Dangote Group is set to list some of its subsidiaries on both the Nigerian Stock Exchange (NSE) and other international stock exchanges between this year and the end of 2007. Disclosing this at a factory visit to Obajana Cement Plc last week in Kogi State, Group Chairman, Dangote Industries Limited, Alhaji Aliko Dangote said, "starting from 2006, Dangote Group will list its companies on the Nigerian and international stock exchanges to diversify’ its ownership base to include staff, and other investors, and to enable it access further sources of capital and enhance profitability by reducing finance charge".
He stated that Dangote Group will continue in its import substitution drive saying, "our import substitution strategy will continue with bias for further backward integration in the sugar business by embarking on a programme to locally grow and process 550,000 tons of sugar at Savannah Sugar and other plantations
Dangote disclosed that its sugar company will be listed on the NSE by the end of September or October 2006. "According to him, "we want other Nigerians to have a share of the cake in the company by investing for greater returns in the future".
On its mission for the cement business, he stated that Dangote Group decided to produce cement locally to meet the growing demand for the product in the major construction hubs in the country, bearing in mind the importance of location and logistics in production and distribution of cement.
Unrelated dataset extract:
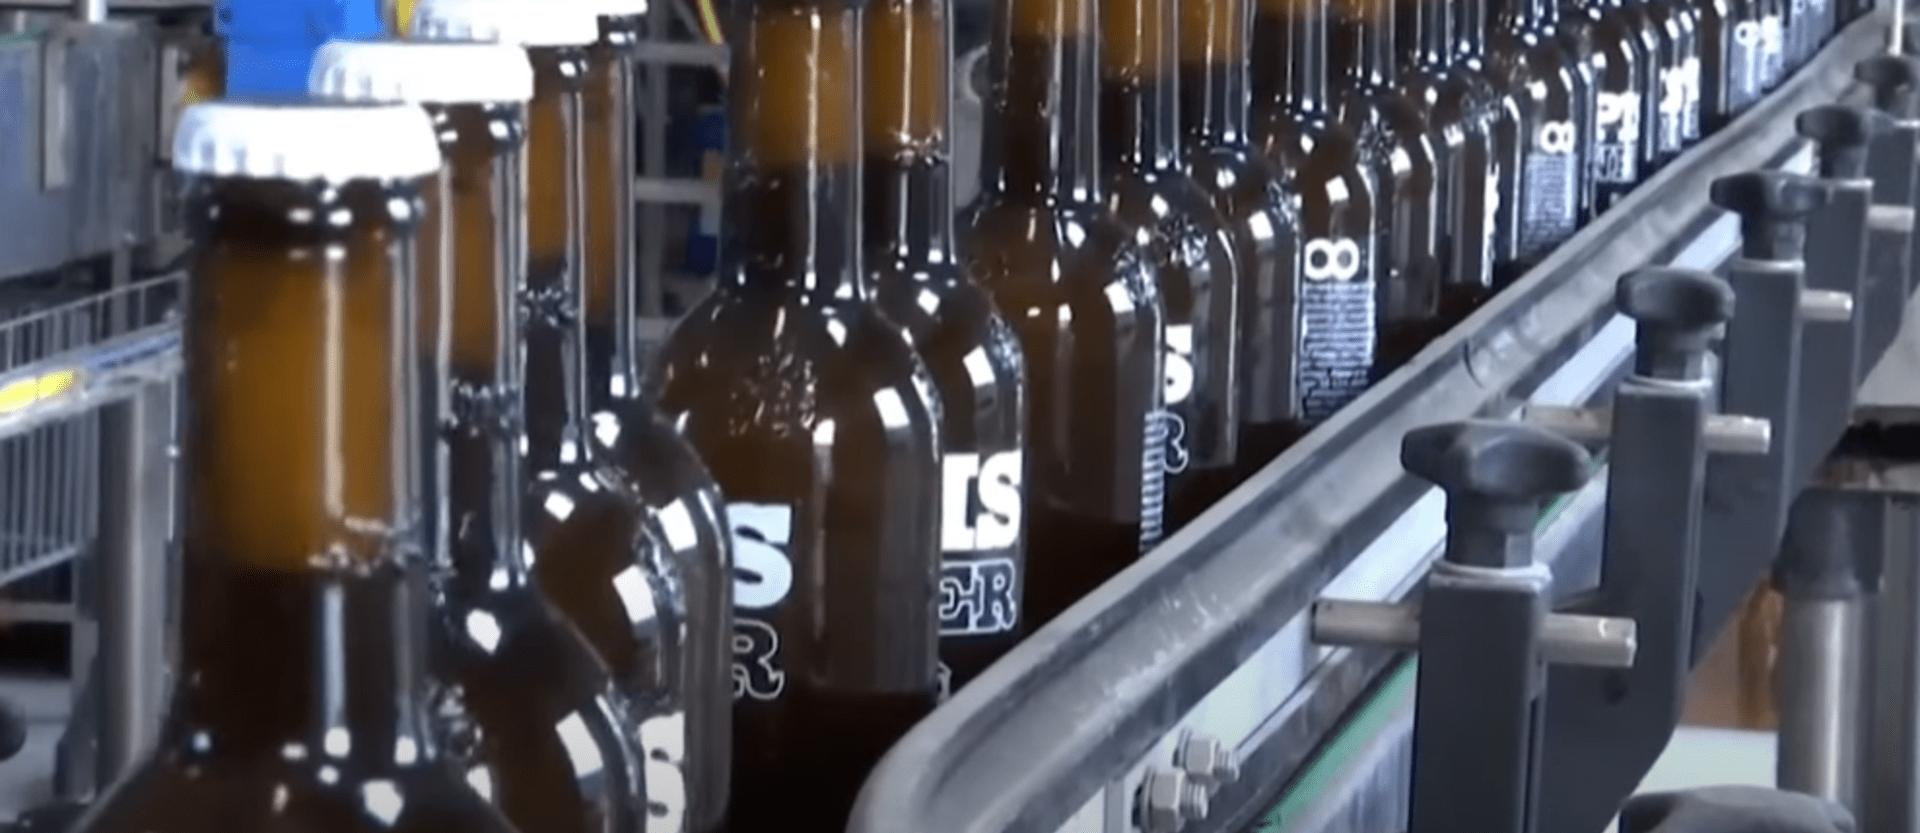 Recyklovaná moč jako surovina pro výrobu piva 1

According to him, "we want to sustain brand equity in out products portfolio to increase market share and facilitate export. We want to improve business processes, governance, and structure of the institution to ensure alignment with the group’s business vision. The Group retained Mckinsey to review and advise on the Dangote 2010 plan. Pricewaterhousecoopers was also retained in relation to process improvement.
While disclosing the Group’s target in Oil and Gas during the second phase of its transformation programme between 2002-2006, he said "9 per cent share of block I in the Joint Development Zone(JDZ) of Sao Tome along with Chevron Texaco as the operator with 51 per cent and Exxon Mobil with 40 per cent. 10 per cent share of Block III in the JDZ while 6 per cent share of block 315 in Nigeria along with Statoil with 45 per cent, Petrobras with 45 per cent and other Nigerian investors with 4 per cent."
Commenting on the future of the company, he said "we want to sustain focus on creating a leading African organisation operating at international standards of excellence. We would continue to leverage Dangote’s dominant market position and entrepreneurial spirit to systematically identify and exploit growth opportunities.
We would grow revenues to US$ 2.5 billion by 2007 from excising business and the projected contribution of Obajana Cement and Benue Cement Company Plc. Over US$3 billion is expected by 2010 from the capacity built by 2007 and additional new ventures in Oil & Gas, Steel and Chemicals".